About this skill
This skill serves as a comprehensive guide to PyTorch deep learning patterns and best practices. It empowers AI agents to generate, review, and refactor PyTorch code that is robust, efficient, and reproducible. The skill covers essential aspects of deep learning development, including writing device-agnostic code, effective random seed management for reproducibility, optimized training workflows, well-structured model architectures, and efficient data loading techniques.
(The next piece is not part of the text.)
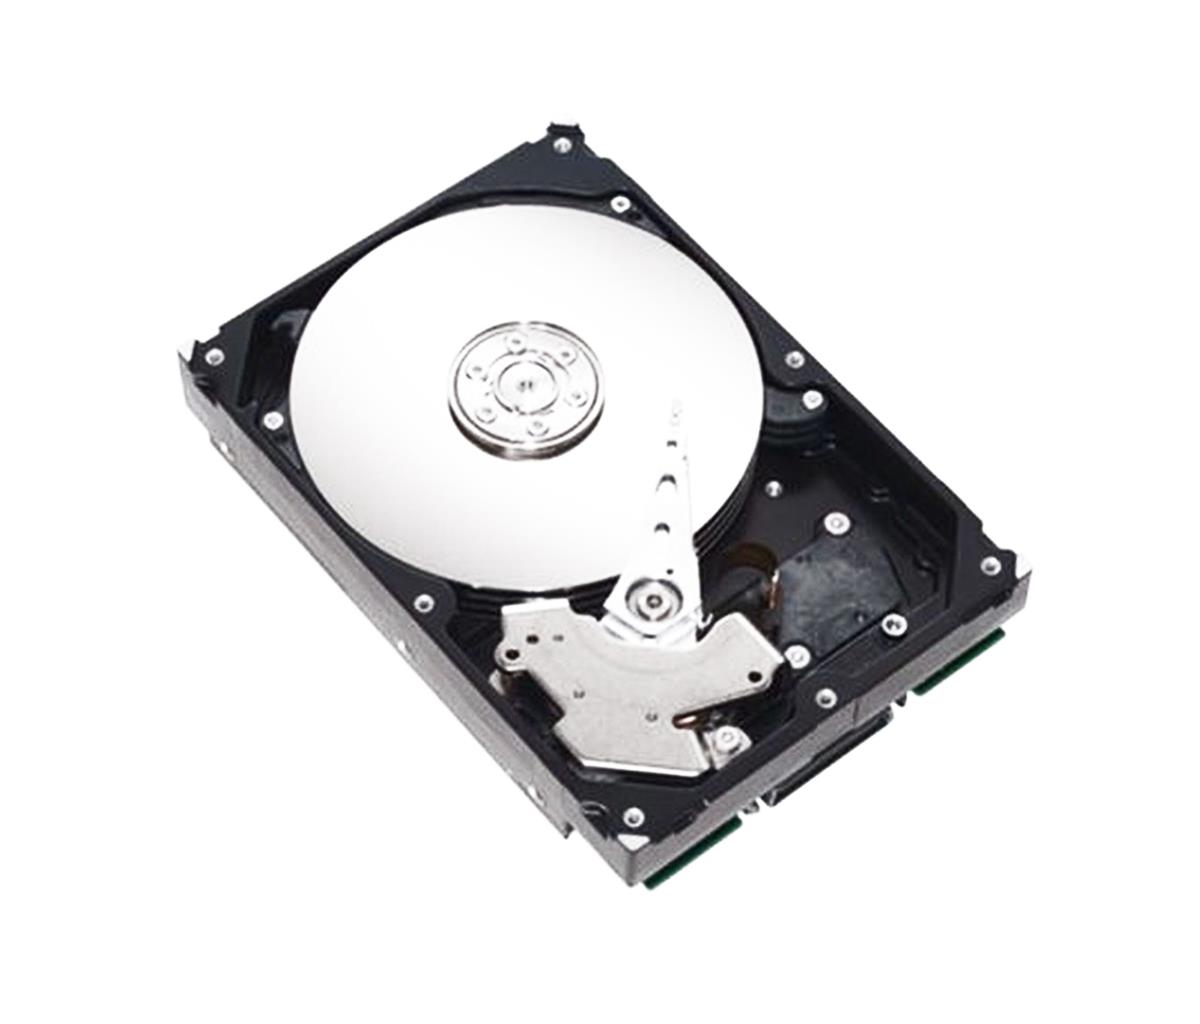 9Y8204-039 Seagate NL35 Series 500GB 7200RPM Fibre Channel 2Gbps 8MB Cache 3.5-inch Internal Hard Drive

By leveraging these patterns, AI agents can ensure the generated or analyzed PyTorch solutions adhere to high engineering standards, minimize common pitfalls, and deliver reliable results across different environments.
Best use case
Generating high-quality PyTorch deep learning code, reviewing existing PyTorch implementations for best practices, and debugging or optimizing deep learning workflows.
PyTorch深度学习模式与最佳实践,用于构建稳健、高效且可复现的训练流程、模型架构和数据加载。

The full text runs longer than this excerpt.